# tractor respray



## Footy (Mar 3, 2012)

hello all,
I'm knew to this forum so excuse me 

I'm at the repsraying point of my Ursus Mercury 490 now, and i have got it sprayed by a company but I would like to take part in the spraying part of the restoration. I'm going to try and spray the mudgaurds or fenders. I dont know much about spraying but I have a compressor and a spray gun and other proper materials I need. 

I'm not really sure how much paint I need to do this, as I dont want to have a few cans left over.. :fineprint . How many cans do i need to do this with the primer already layed? (litres)

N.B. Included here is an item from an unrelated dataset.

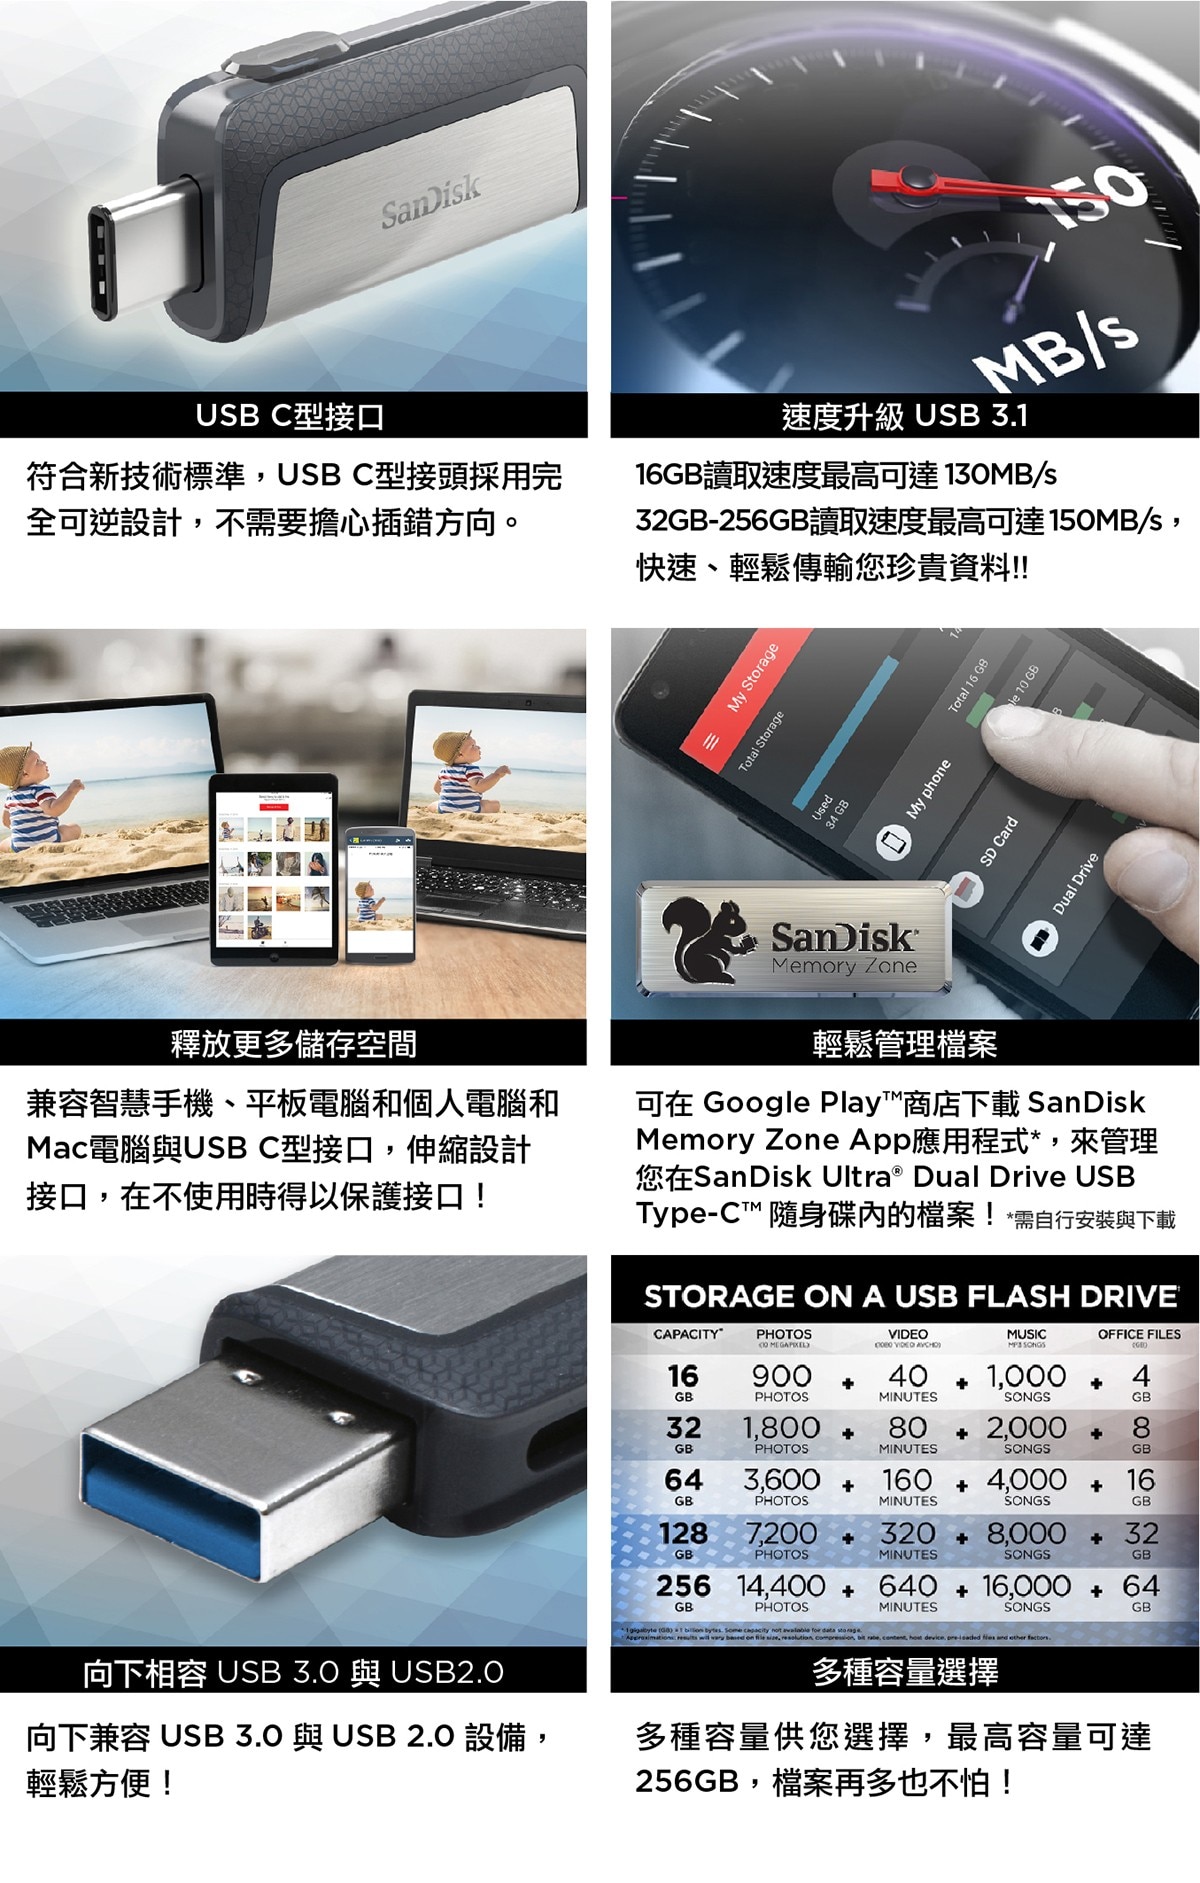 SanDisk Ultra Dual Drive USB Type-C,USB C型接口,速度升級USB3.1,釋放更多儲存空間,輕鬆管理檔案,向下相容USB3.0與USB2.0,多容量選擇.

Are these points ok for the spraying? 
1. Sand down the fenders
2. tack cloth or decreaser
3. primer
4. then 3 coats of the Ursus orange
Is this a good method of getting a good finish? 

any tips welcomed  

Sorry for the long read


----------



## Mattystang (Jan 10, 2012)

I've been painting my mower this winter as well. I did the following;
1. Sand down
2. Wash with water and a little dish soap
3. Degreaser
4. Mineral Spirits
5. Primer
6. Paint


----------



## Footy (Mar 3, 2012)

Cool, In term of how much paint you used? would 1 litre of paint go along way?Silly question, but I have no idea!
Thanks for the reply


----------



## Thomas (Nov 1, 2006)

Welcome to TF Footy.


----------



## pogobill (Jan 31, 2012)

In regards to the amount of paint you are going to need, best talk to your paint supplier. A liter of paint should cover a certain square footage, and multiplied by the number of coats should give you a quantity. If your supplier is a good one, he should help you out with this, or it may even be written on the side of the can. I don't suspect that you'll need very much paint to do the mud guards and fenders.
Cheers


----------



## Mattystang (Jan 10, 2012)

Don't know, I used rattle cans.


----------



## Footy (Mar 3, 2012)

thanks for the replys! I may contact the supplier of the paint to see what they say about quantity.


----------



## Footy (Mar 3, 2012)

Just another question, Has anyone any idea's of what primer i should get? theres loads of different types and not sure which one to use. And after applying the paint should I spray a clear coat over that, or will it be fine without the clear coat?


----------